Task 2. Colinearity Testing

Next, please test your regression model predictors for colinearity, using the ggcorr() function in the GGally package.

  • Please make 1 correlation matrix for each model, with intuitive labeling and colors.

  • Please adjust your models by removing any predictors with a correlation of +/- 0.80 or above until your models demonstrate no colinearity.

Note 1: You will need to remove the date variable using select() before applying ggcorr(), because R does not know how to get correlations for factors easily.

Note 2: You can update your variable names using rename().



Task 3: Heteroskedasticity

Next, please evaluate whether your refined models m1 and m2 demonstrate problematic heteroskedasticity (extremely skewed residuals). You can visualize your residuals with geom_histogram() to find out.

If they are problematically skewed, explain why you think your observations might be interdependent. If not, explain why you think they are no longer interdependent!



Task 4: Simulate!

Just in case your results are heteroskedastic, we should find a way to test our results that does not involve standard error, which is compromised by interdependence. We can use simulation!

  • Please simulate the predicted value of new vaccination rates (new_vax), given the peer effects of the rate of neighbors become fully vaccinates 2 weeks prior. Let’s compare the effects of a rate of 0% (min), 0.50%, 1.00%, and 1.50% (max).

  • Repeat this process for both models m1 and m2.

  • Give your data.frame of predicted values a unique label variable called type using mutate(). Use the bind_rows() function from the dplyr package to stack your results on top of each other.

  • Compare the effects of your models in one visual, using fill or facet_wrap(), or both!

  • Note: Wondering how to report results for a logged outcome? You can transform your predicted values of new_vax (which was logged) back into normal units using the exp() function! As a guide, please use the example below, which shows a hypothetical data.frame of simulation results, mydata, and a vector of logged predicted values pv, which get exponentiated back into ordinary predicted values using exp().

mydata %>%
  mutate(pv = exp(pv))

Conclusion

Great work! Time to write it up as a lab report!

  • Remember to write this as a cohesive, 2 page report written in ordinary language (no code, hashtags, or underscores in the main text).

  • Please briefly summarize your main findings (beta for new_vax_2wks and R2), colinearity and heteroskedasticity tests, and simulation results.

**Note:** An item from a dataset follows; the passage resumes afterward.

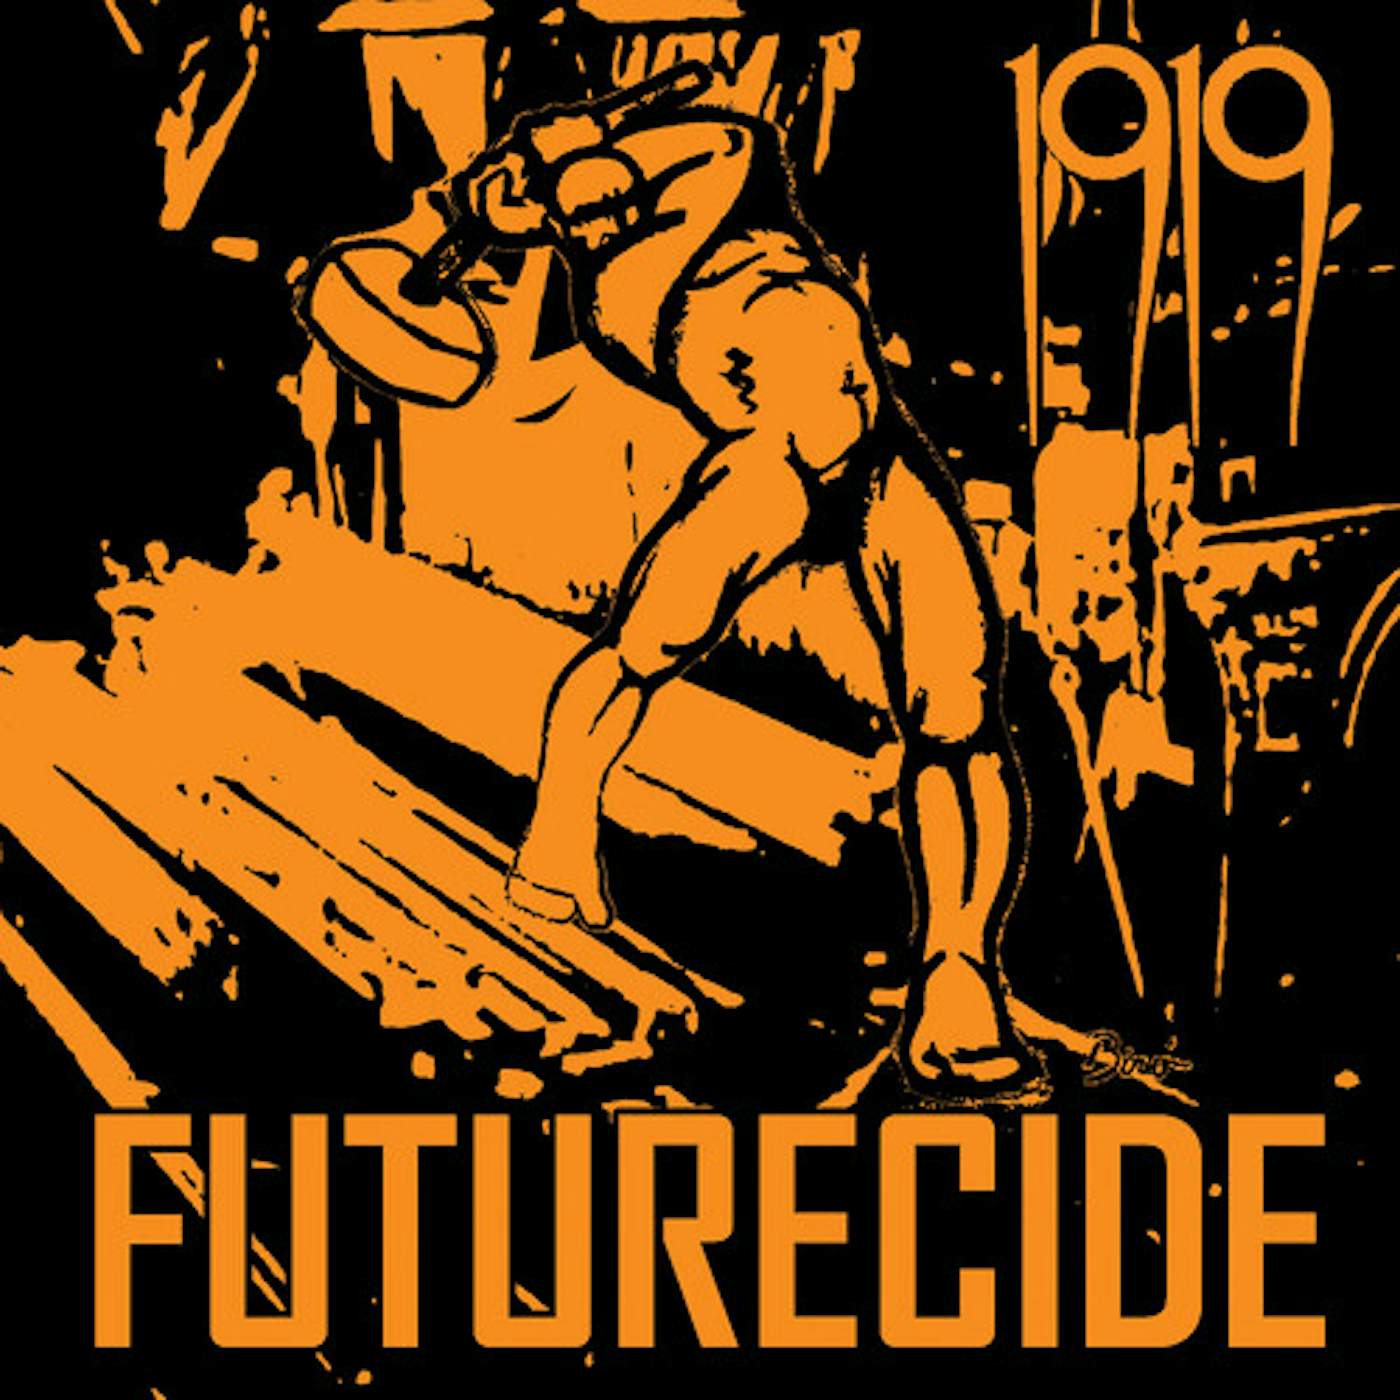 1919 Futurecide Vinyl Record

  • A good goal is to make it look like a professional report you could share with a potential employer as evidence of your statistical analysis abilities!



Bonus Challenge

Finally, for up to 1% extra credit for your groups members’ overall grade, you may submit along with your lab the following:

  • For 0.5% Extra Credit: Simulate the predicted rate of new weekly vaccinations (new_vax) for Northeastern’s zipcode, as the rate of vaccinations 2 weeks prior increases from 0% to 1.5%. For your simulation, set all other traits equal to their actual observed value in Northeastern University’s zipcode (02115). Repeat this simulation for both of your models m1 and m2. Exponentiate your predicted values using exp().

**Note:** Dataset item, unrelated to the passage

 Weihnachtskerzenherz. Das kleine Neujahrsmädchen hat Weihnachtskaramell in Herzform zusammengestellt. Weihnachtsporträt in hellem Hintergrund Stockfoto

  • For 0.5% More Extra Credit: Now repeat these simulations for one other zipcode in Boston. Bind the results together using bind_rows() and visualize your simulation in one visual, with intentional coloring, labels, and design. facet_wrap() may be helpful. Label the other zipcode based on the neighborhood it is in. Please briefly describe your findings in a few sentences.